CHICAGO -- Here is a measure of the emptiness of politics during Bill Clinton's purely tactical presidency: The delegates who will rock the rafters for him tomorrow night have only varying degrees of hostility for the only truly significant things -- there are only three of them -- he has done.
Democrats are the party of government, so a majority of Democrats in Congress opposed NAFTA. A Republican initiative, it decreases the importance of government by increasing the sovereignty of economic forces over political choices. Democrats are the party of compassion, meaning the prevention or amelioration of pain, and free trade causes some pain by increasing the velocity of economic change.
Democrats favor a large federal role in directing domestic social change. Therefore they cannot admire Mr. Clinton's proposal to balance the budget in seven years by, among other measures, cutting discretionary domestic spending almost one-third.
Democrats have been the party of the teeming cities, committed to palliating the stresses of urbanism, particularly for minorities. Yet now, when the phrase "inner city" has become a delicate synonym for "slum," Democrats have a president who, given an opportunity to refute those who say he is a human windsock, empty and blown about, would not seize that opportunity. He would not exercise his only substantial power, the veto, to block a Republican welfare bill that terminates the federal entitlement to income support for the poor.
Democrats, who are acutely hostile to policies that have what they call "disparate impacts" on minorities, must loathe the new law under which two-thirds of the millions of children removed from the welfare rolls will be black or Hispanic.
When, years hence, historians highlight today's indices of the Democrats' intellectual bankruptcy, they may dwell upon Vice President Gore's statement here Sunday that a re-elected President Clinton would wield the line-item veto to force more generosity in welfare policy.
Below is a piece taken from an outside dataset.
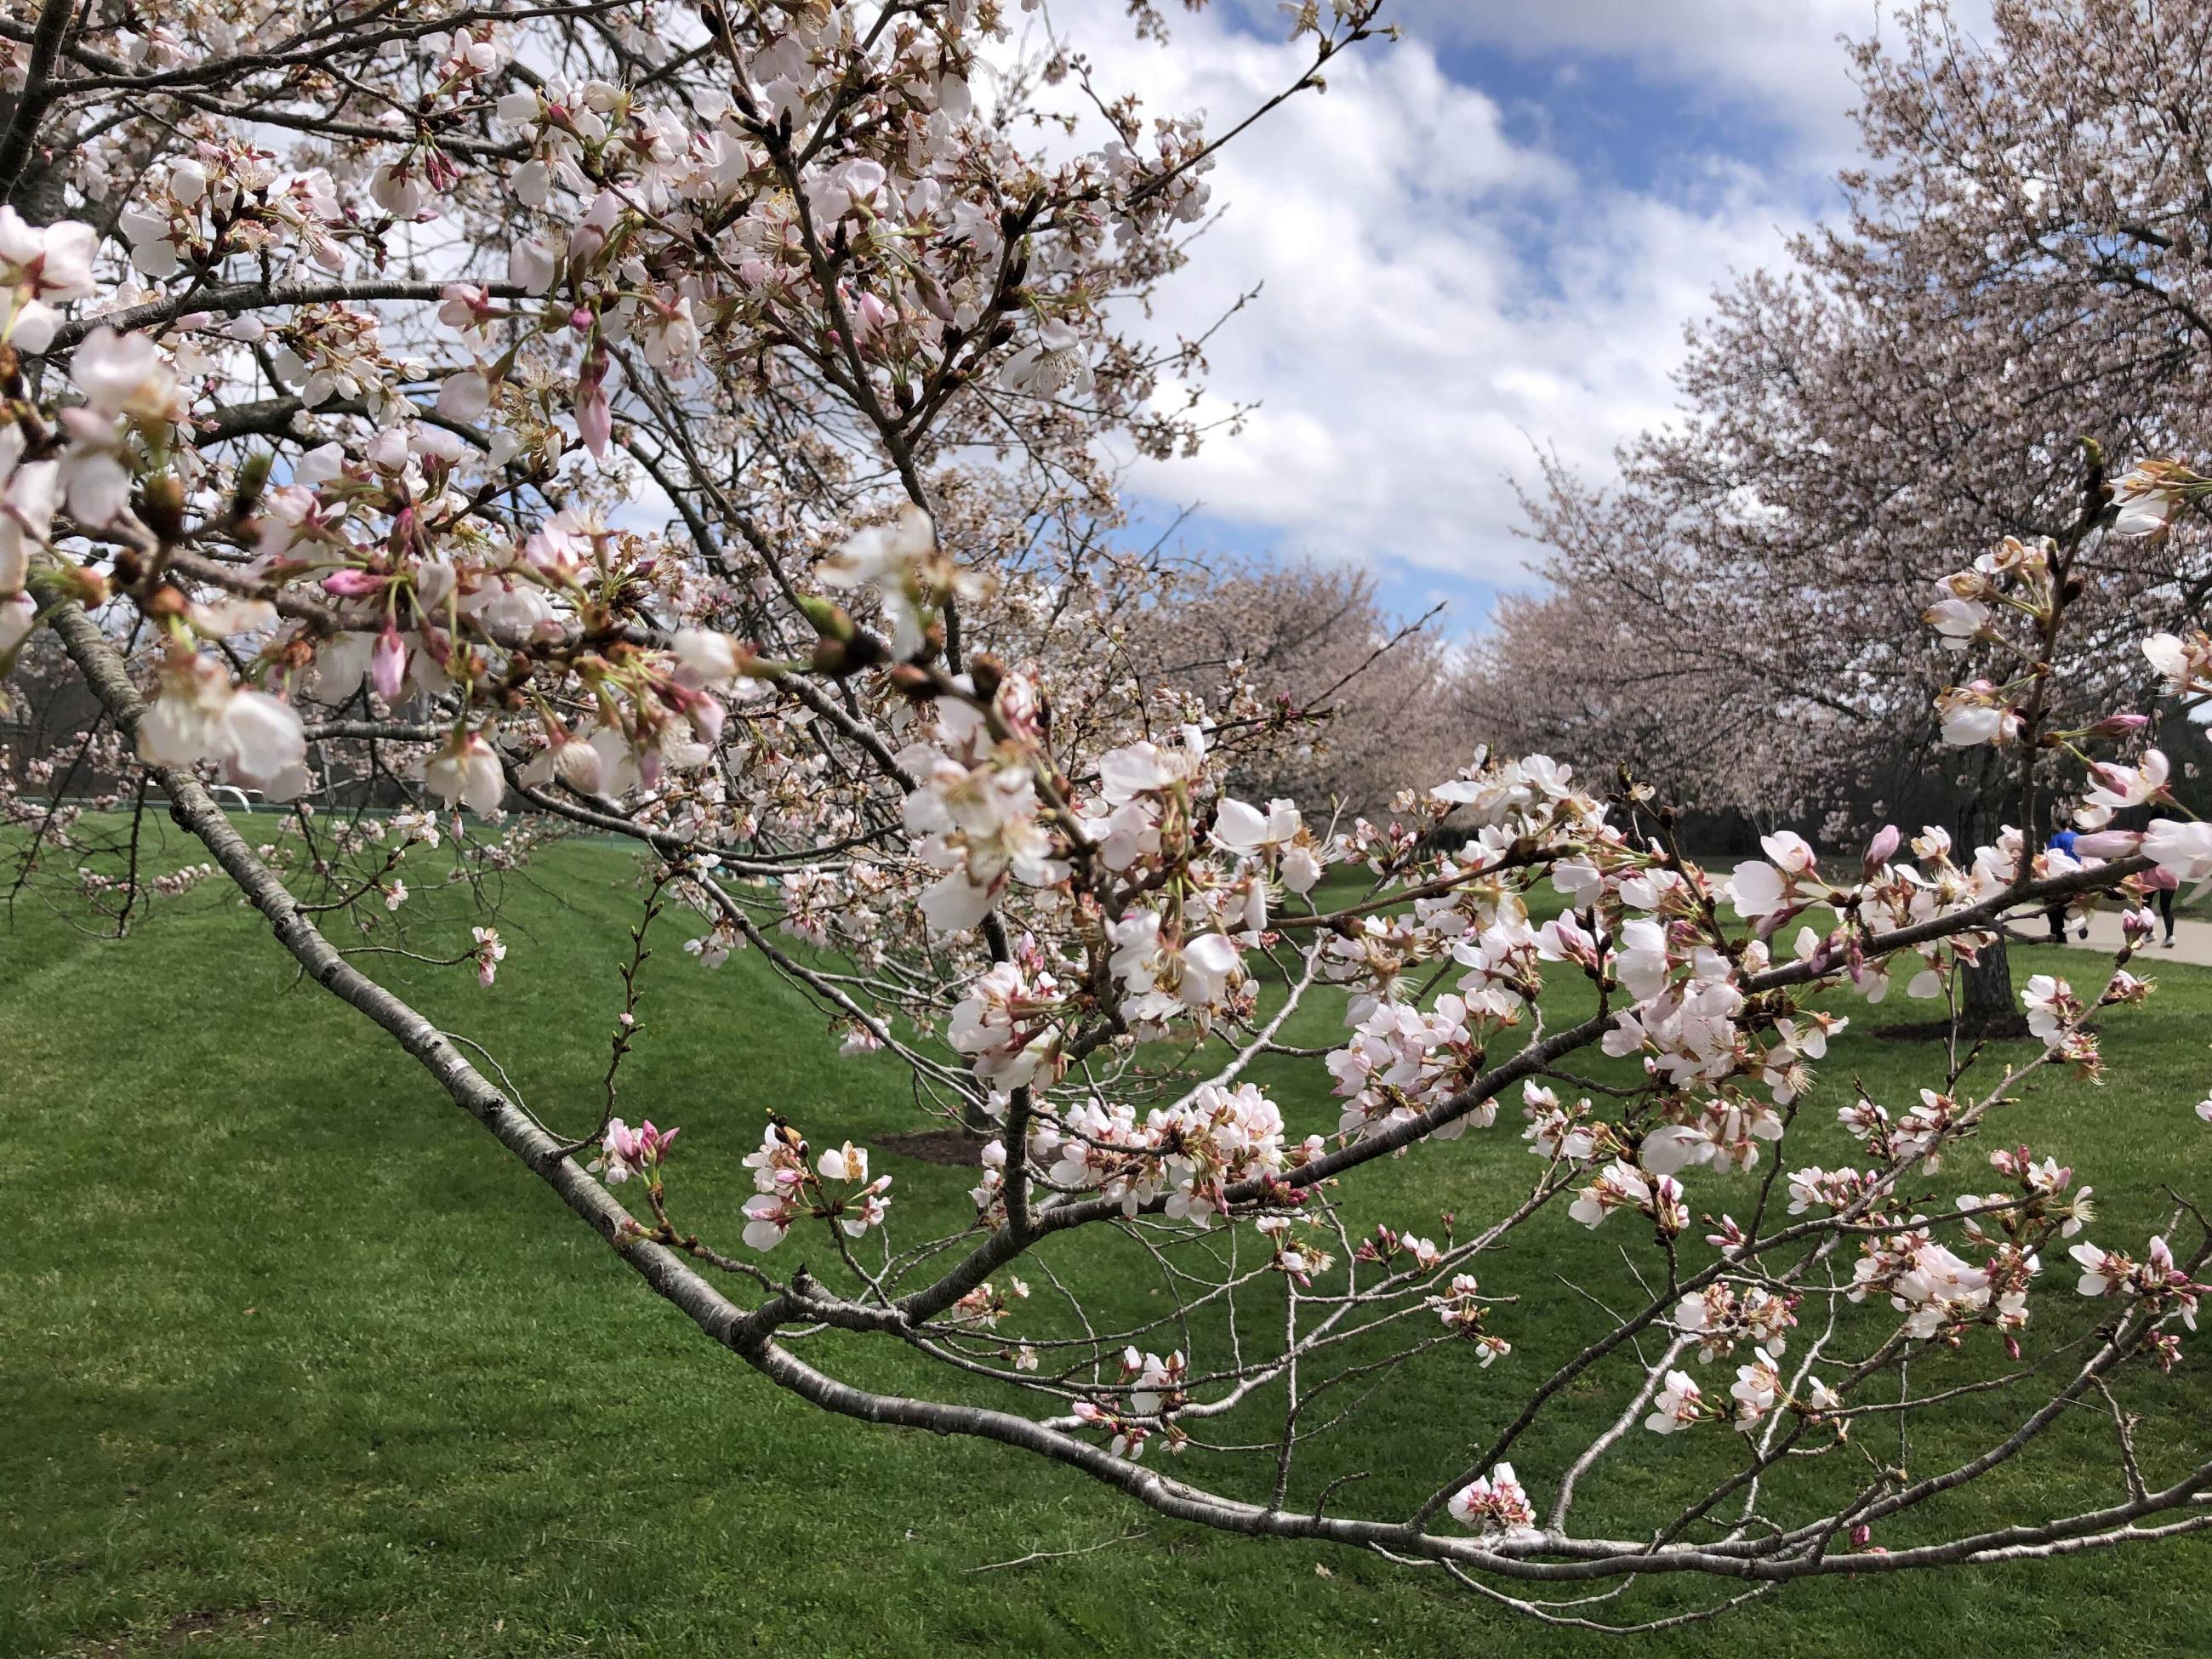 Up close cherry tree blossoms along the bike path

A president cannot increase spending by vetoing a line item, so what Mr. Gore meant was the line-item veto would give Mr. Clinton bargaining leverage with legislators: increase welfare spending or I will veto that appropriation for a federal project in your district.
Mr. Gore, an intelligent and informed man, knows but chooses to ignore what conservatives, too, ignore when the subject is welfare: Serious welfare reform -- meaning the painstaking process of equipping for the work force people who may have only the dimmest family memories of regular work -- requires increased spending by an enlarged, supervising government.
But the government is out of money and the public is out of patience with the government. That is why the most distinguished Democrat, Pat Moynihan, says, "The cheapest thing to do with chronic welfare-dependent families is simply to leave them as they are."
Mr. Gore said the president will have a "mandate" to "fix" the cuts in food stamps and the denial of most benefits to legal immigrants. But a mandate is something asked for, and the way Mr. Clinton is seeking office -- by conforming to conservative rhetoric and acquiescing in conservative measures -- guarantees that the office, if he gets it again, will be of little use to him because there will be little meaning to his tactical presidency.
The last Democratic president before Mr. Clinton, who also was a Southern governor with surreptitious ambitions, sneaked by the electorate in 1976 by saying things like, "Our government in Washington is a horrible bureaucratic mess. It is disorganized; wasteful; has no purpose and its policies . . . are incomprehensible." And: Government is "a bloated, confused, bureaucratic mess."
Then president Jimmy Carter hectored Americans to turn down their thermostats and drive less and slower. He was surprised that the government he had flayed did not have standing to deliver such lectures.
It is often thus. With measured malice, American history seems to distribute retributive calamities even-handedly, punishing all who enjoy a spell of political prosperity.
President Clinton's current ascendancy is an affliction visited on Republicans as a result of their control of Congress -- both the clumsiness of their use of that control, and the adroitness of Mr. Clinton's use of what that control did for him. It emancipated him from governing, leaving him free to resume his life's vocation as a political Elmer Gantry, forever campaigning. But now what he is doing to sustain that ascendancy -- promising to be not much more than not Newt Gingrich -- increases the probability that his presidency is just a diluted Democratic moment in an ongoing Republican era.
George F. Will is a syndicated columnist.